> _What needs to be done_
What is needed is an exact copy of the data below, pictures excluded.

*** Source data Section Begins ***

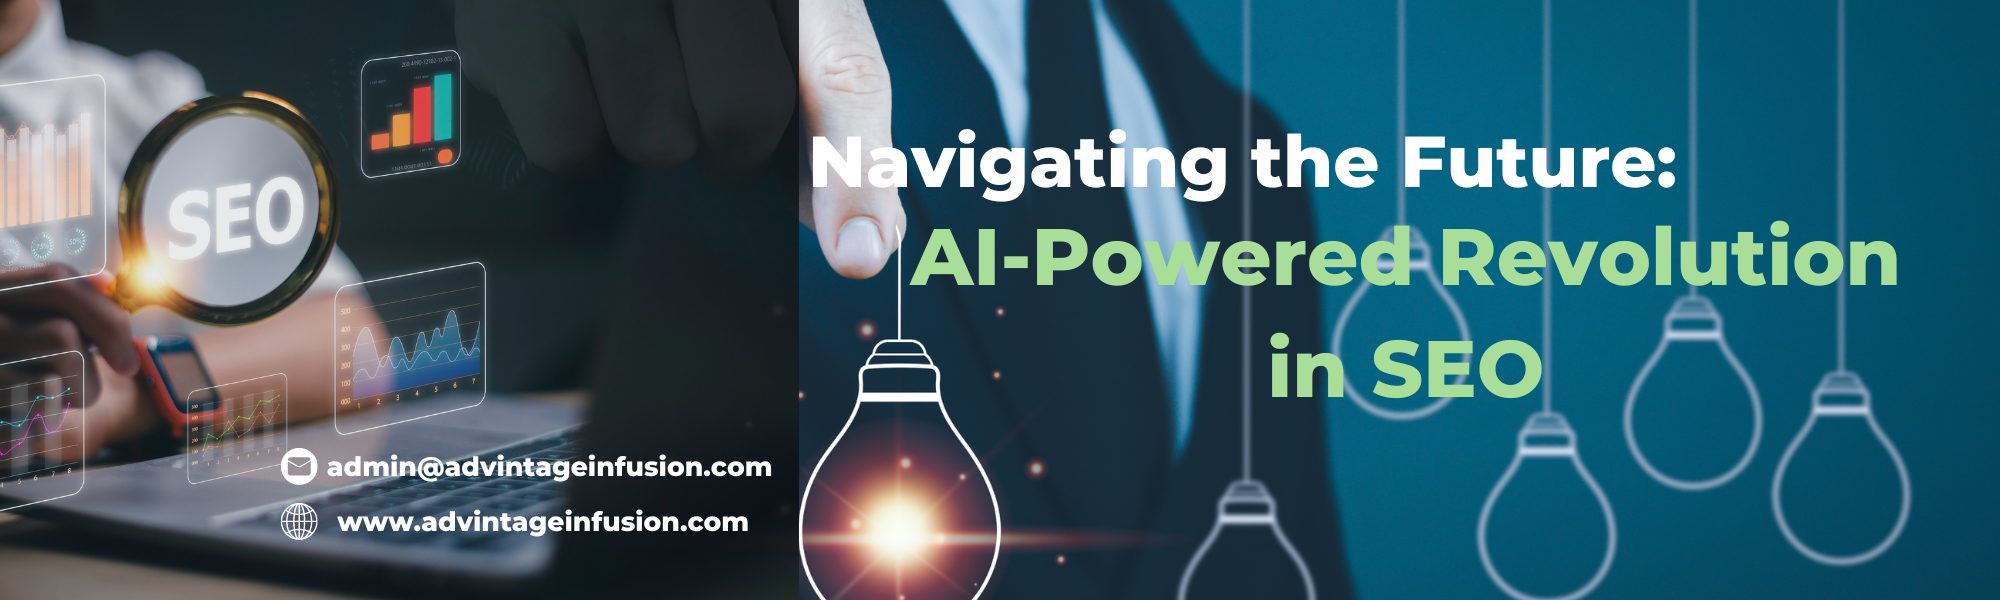 Navigating the Future: AI-Powered Revolution in SEO
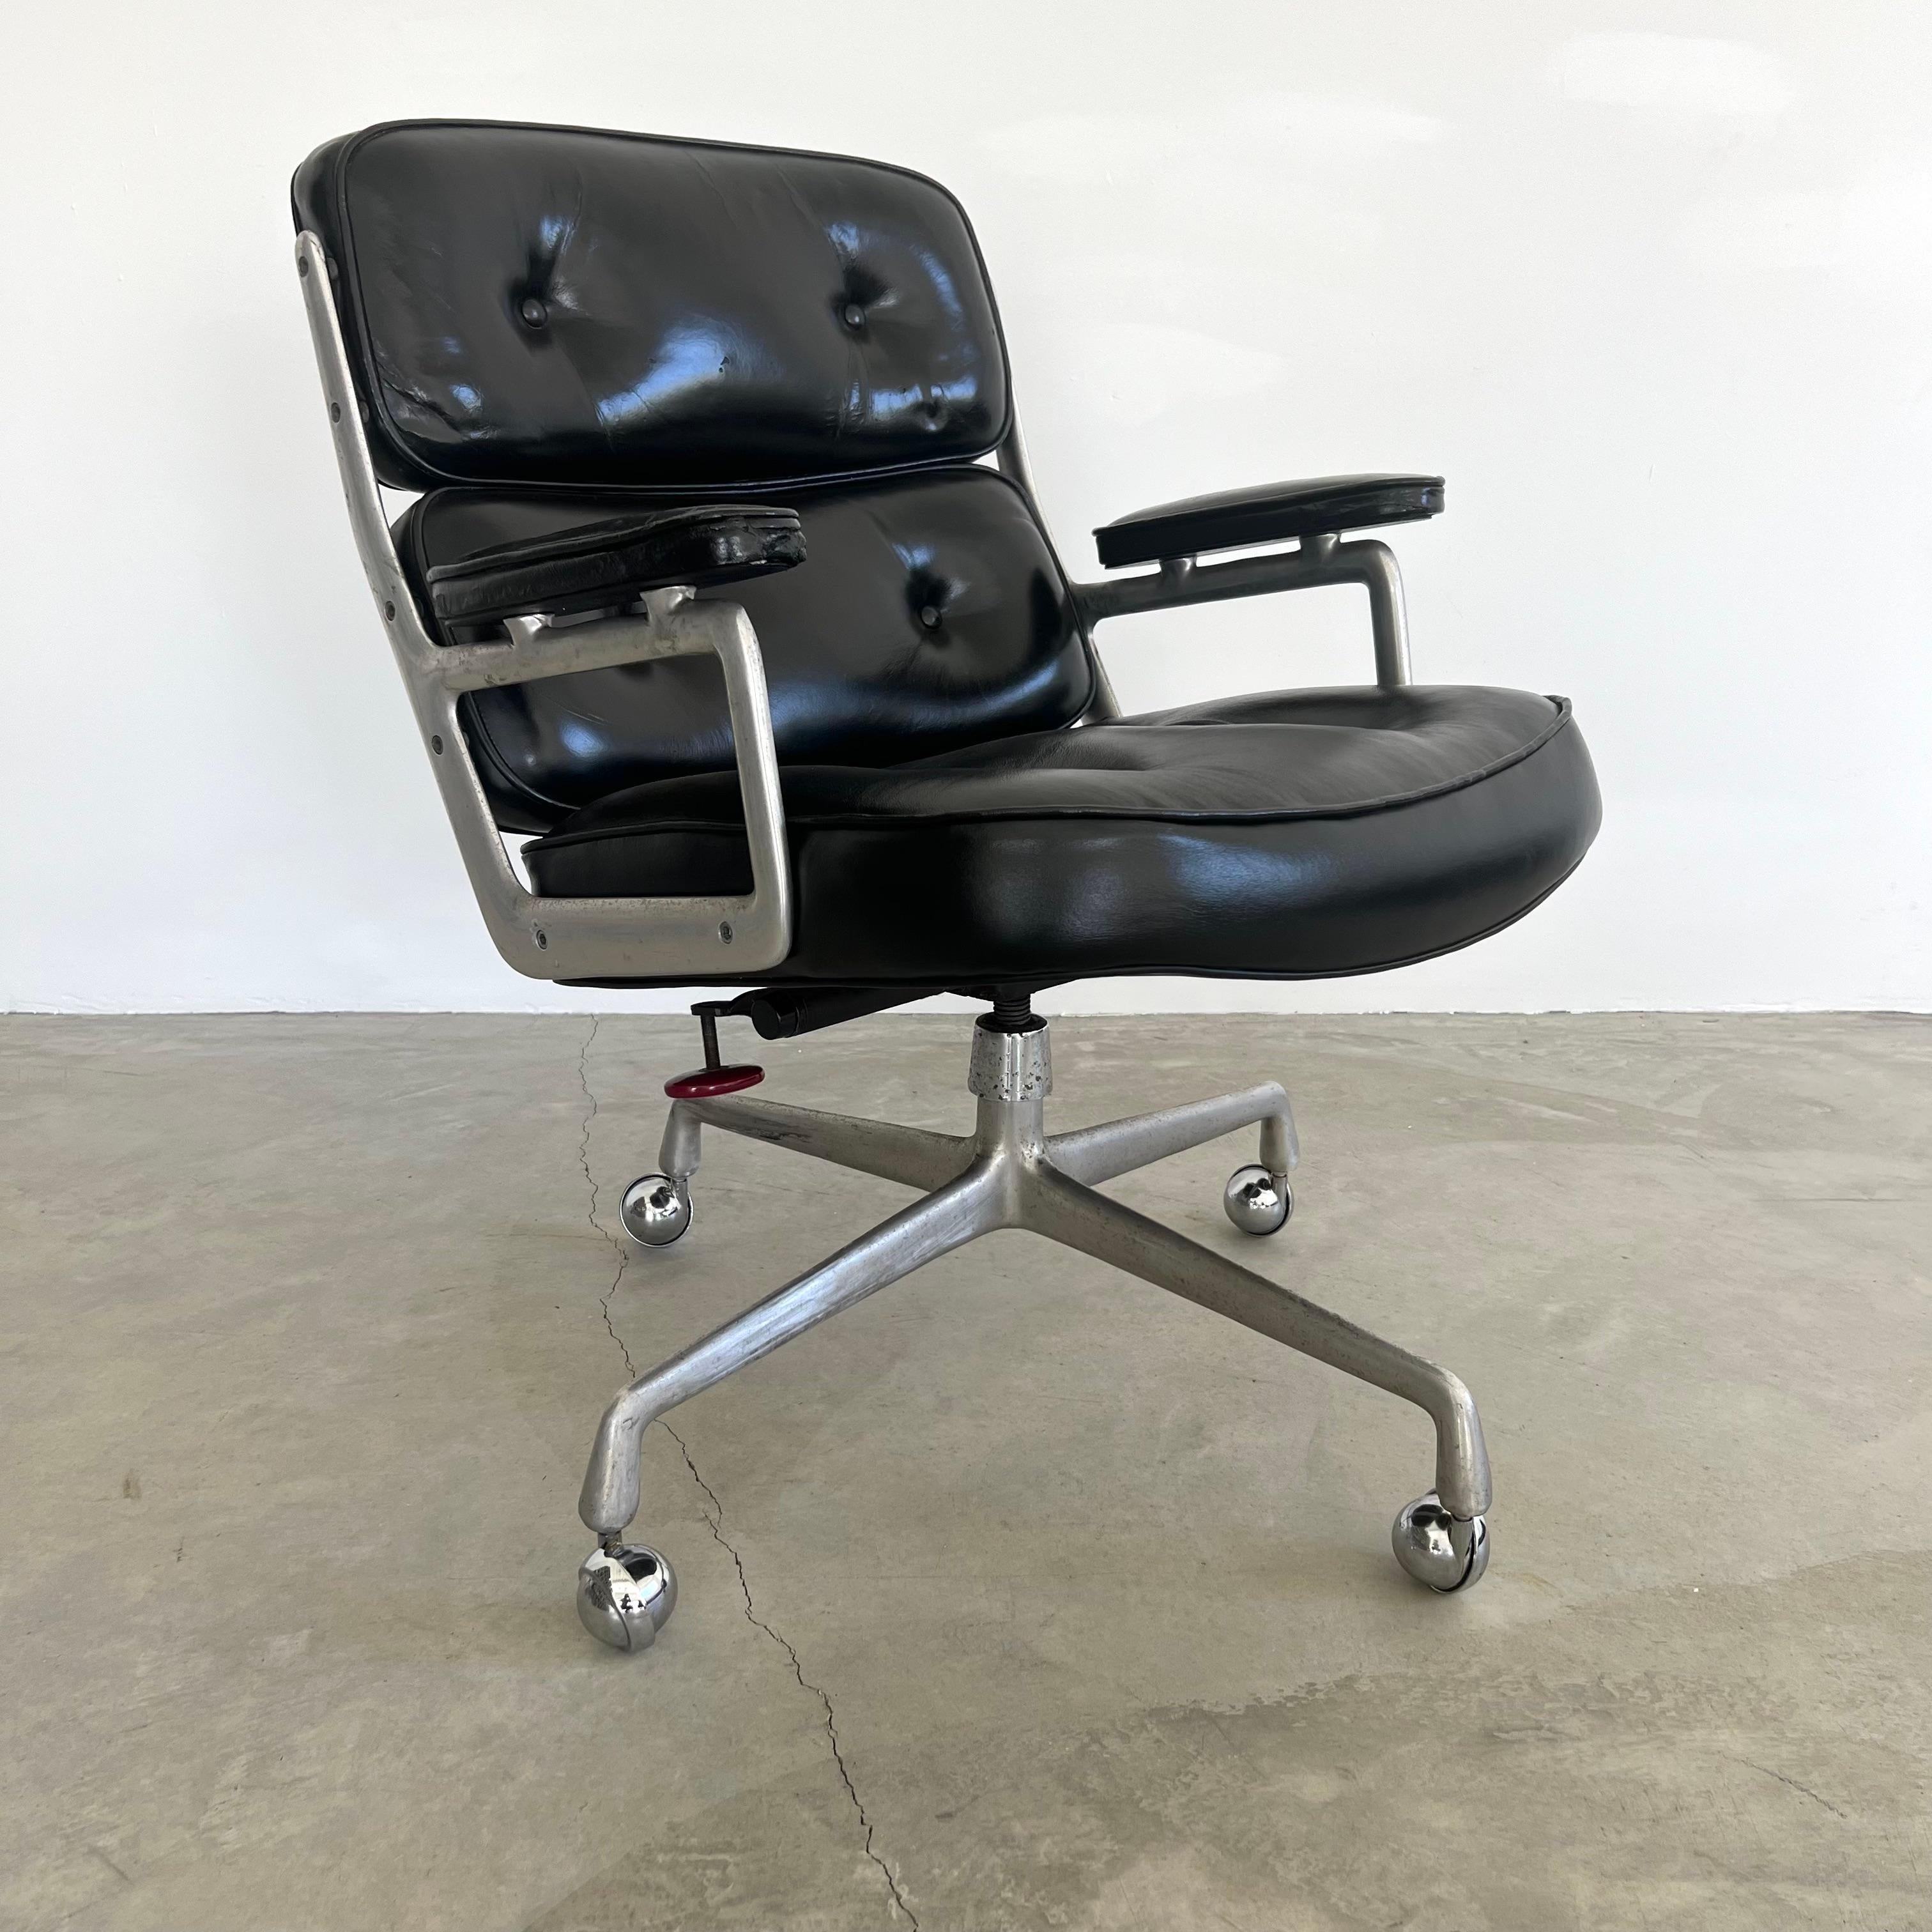 Mid-Century Modern Eames Time Life Chair in Black Leather for Herman Miller, 1980s USA For Sale
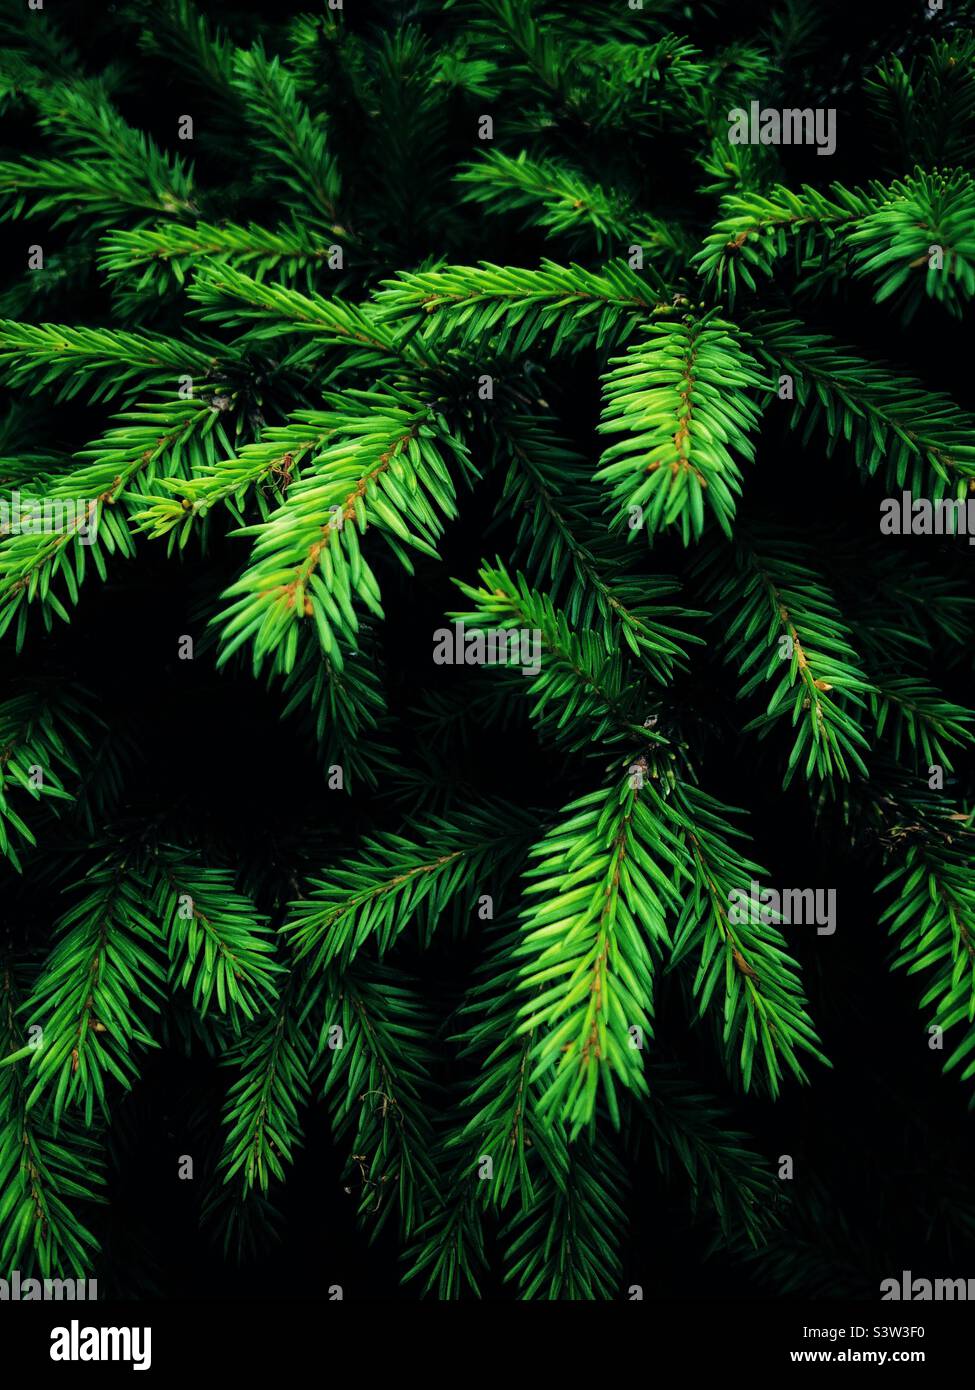 Full frame nature background in a close-up of the lush green leaves and fronds of a Nordic spruce or fir tree with coffee space Stock Photo

*** Source data Section Ends ***

> _Expected answer_
 Navigating the Future: AI-Powered Revolution in SEO
 Mid-Century Modern Eames Time Life Chair in Black Leather for Herman Miller, 1980s USA For Sale
 Full frame nature background in a close-up of the lush green leaves and fronds of a Nordic spruce or fir tree with coffee space Stock Photo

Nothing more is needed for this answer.